M, N, timeit_n_times = 30, 100, 10_000

np.random.seed(0)
p = np.random.randint(M, size=N)
R = np.random.rand(M, 3, 3)
X = np.random.rand(3, N)

einsum = lambda: np.einsum('ijk,ki->ji', R[p], X)

def direct():
    res = np.zeros((3, N))
    for i in range(N):
        res[:, i] = np.dot(R[p[i]], X[:, i])
    return res

# Rearrange data for padding
max_count = np.max(np.unique(p, return_counts=True)[1])
counts = np.zeros(M, dtype=int)

X_padded = np.zeros((M, max_count, 3))
for i, idx in enumerate(p):
    X_padded[idx, counts[idx]] = X[:, i]
    counts[idx] += 1

padded = lambda: np.einsum('ijk,ilk->ilj', R, X_padded)
    
result_einsum = einsum()
result_direct = direct()
result_padded_raw = padded()

# Extract padding result (reverse steps of getting from X to X_padded)
result_padded = np.zeros((3, N))
counts = np.zeros(M, dtype=int)
for i, idx in enumerate(p):
    result_padded[:, i] = result_padded_raw[idx, counts[idx]]
    counts[idx] += 1

assert np.allclose(result_einsum, result_direct)
assert np.allclose(result_padded, result_direct)

print("einsum", Timer(einsum).timeit(timeit_n_times))
print("direct", Timer(direct).timeit(timeit_n_times))
print("padded", Timer(padded).timeit(timeit_n_times))

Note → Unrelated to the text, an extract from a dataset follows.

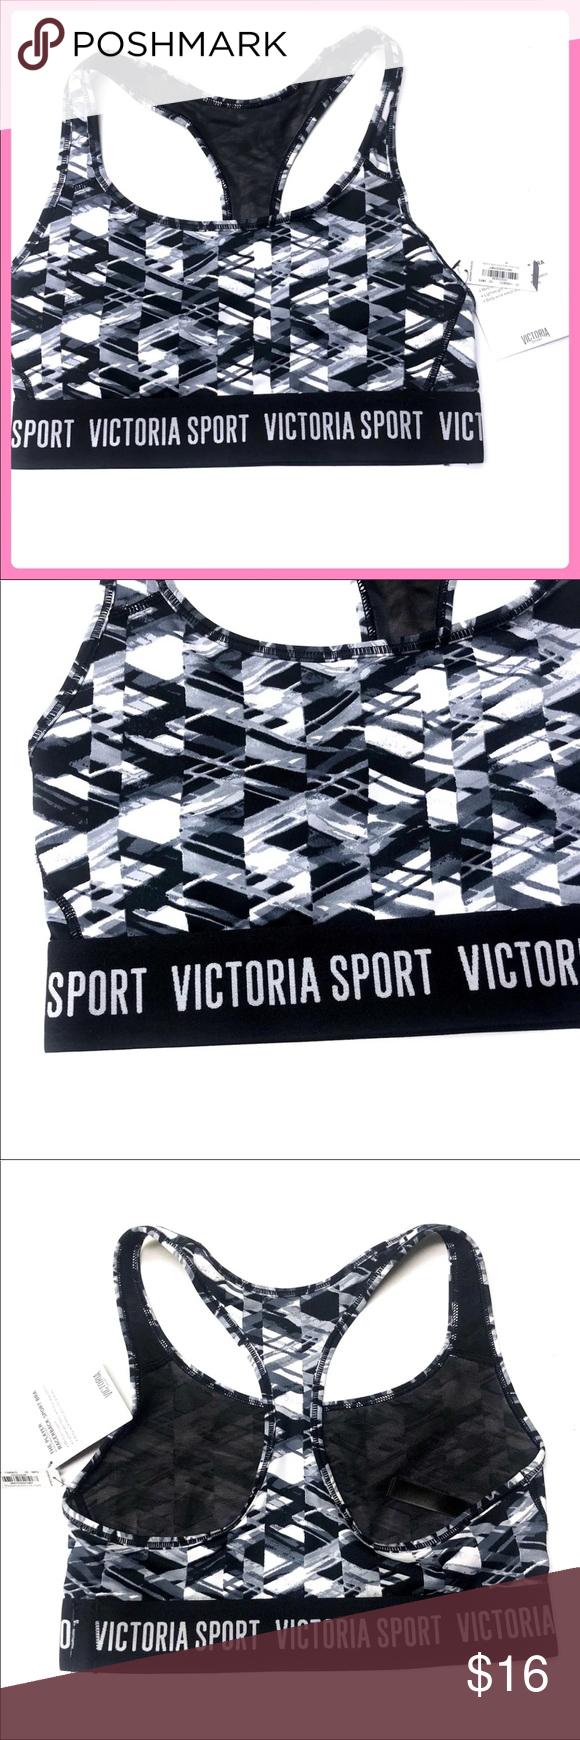 New Victoria's Secret Sport Bra Brand new Victoria's

Here, we first rearrange the data into X_padded, which is M×max_count×3-shaped, where max_count is the maximum number of references to one of the indices in R from p. We iteratively fill up X_padded for each index, leaving unused space zero-filled. In the end, we can again use a version of einsum to calculate the result (padded = lambda: np.einsum('ijk,ilk->ilj', R, X_padded)). If we want to compare the result to the results of the other methods, then we need to rearrange it back again, basically inverting the steps of getting from X to X_padded.

Observations:

Memory-wise, we have:
- Saved on the side of R, as we don't need to replicate the individual 3×3 matrices, any more.
- Paid on the side of X, as we need zero-padding.
Speed-wise, we have lost a bit, it seems;
here are the results for M, N, timeit_n_times = 30, 100, 100_000:
```
einsum 0.7587459350002064
direct 13.305958173999898
padded 1.502786388000004
```
Note that this does not even include the times for rearranging the data. So probably padding won't help here – at least not in the way that I tried.